Em uma época em que a corrupção e a burocracia estão na pauta do dia, principalmente em virtude dos gastos com a Copa do Mundo e de outros escândalos que invadem os jornais, vale a pena refletir sobre as raízes do problema. Estamos todos na esquina entre o ordinário e o extremo. Moramos no Brasil.
Assistimos juntos a débâcle ética. As razões? No país é a mídia falada ou escrita que bate insistentemente na mesma tecla —, Estado e Sociedade estão divorciados. A distância entre Brasília e o Brasil é tão gigantesca que a capital passou a ser conhecida como “a ilha da fantasia”. Numerosos intelectuais sublinham essa característica.

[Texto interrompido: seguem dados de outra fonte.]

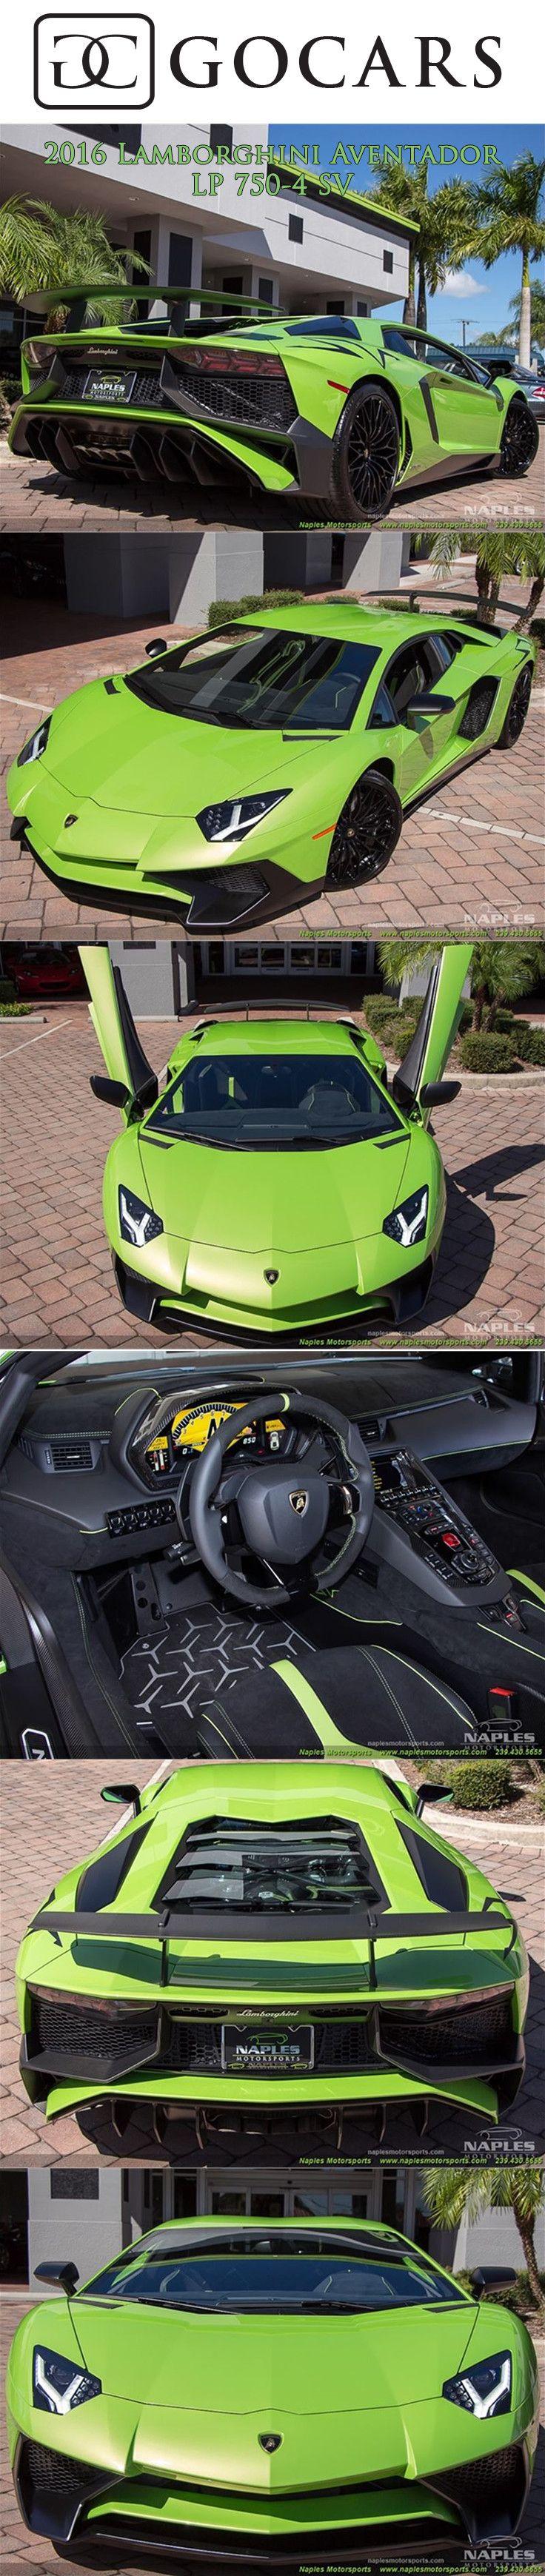 2016 Lamborghini Aventador LP 750-4 SV for sale on GoCars #lamborghini #aventador #lamborghiniaventador #lambo #lamborghiniaventadorlp700 #supercars #supercar #sportscars #sportscar #luxury #luxurycars #lamborghiniphotos #gocars
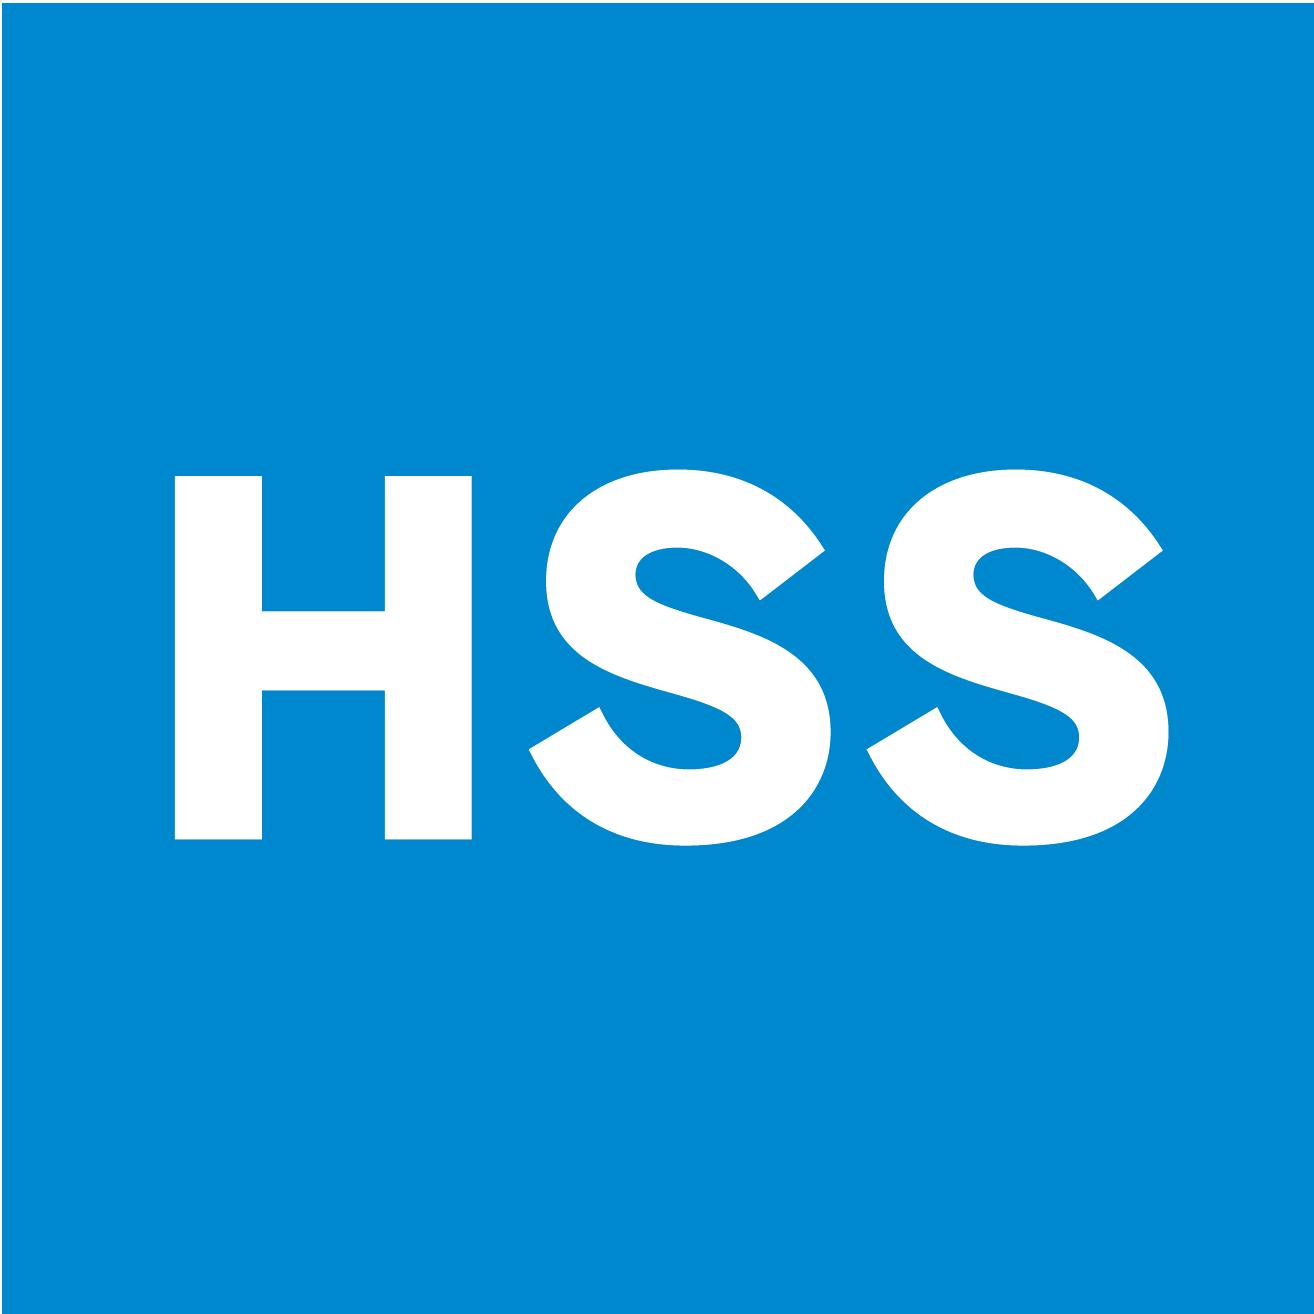 HSS_Flat_lightblue_logo-01 (1).png

As críticas não são novas. Em 1877, o escritor Tobias Barreto já comparava os brasileiros, povo e autoridades, a viajantes que se reuniam à noite numa casa de rancho, mas que ao amanhecer seguiam caminhos distintos, impassíveis diante dos tormentos alheios. Manoel Bonfim denunciou a vida parasitária da qual participavam órgãos e classes sociais na forma de agentes da administração e dos monopólios. Há mais de 50 anos, o jurista Raimundo Faoro escreveu um clássico sobre como o país foi sempre governado por uma comunidade de burocratas capazes de usar um cipoal de leis para encobrir sua própria incompetência. A lista, enfim, dos que apontaram os desdobramentos dessa separação é longa. O que vale destacar aqui é uma história de divórcio entre Estado e Sociedade, gerando uma estrutura feita de clientelismo e corrupção que atravessou, quase intocada, 500 anos de história.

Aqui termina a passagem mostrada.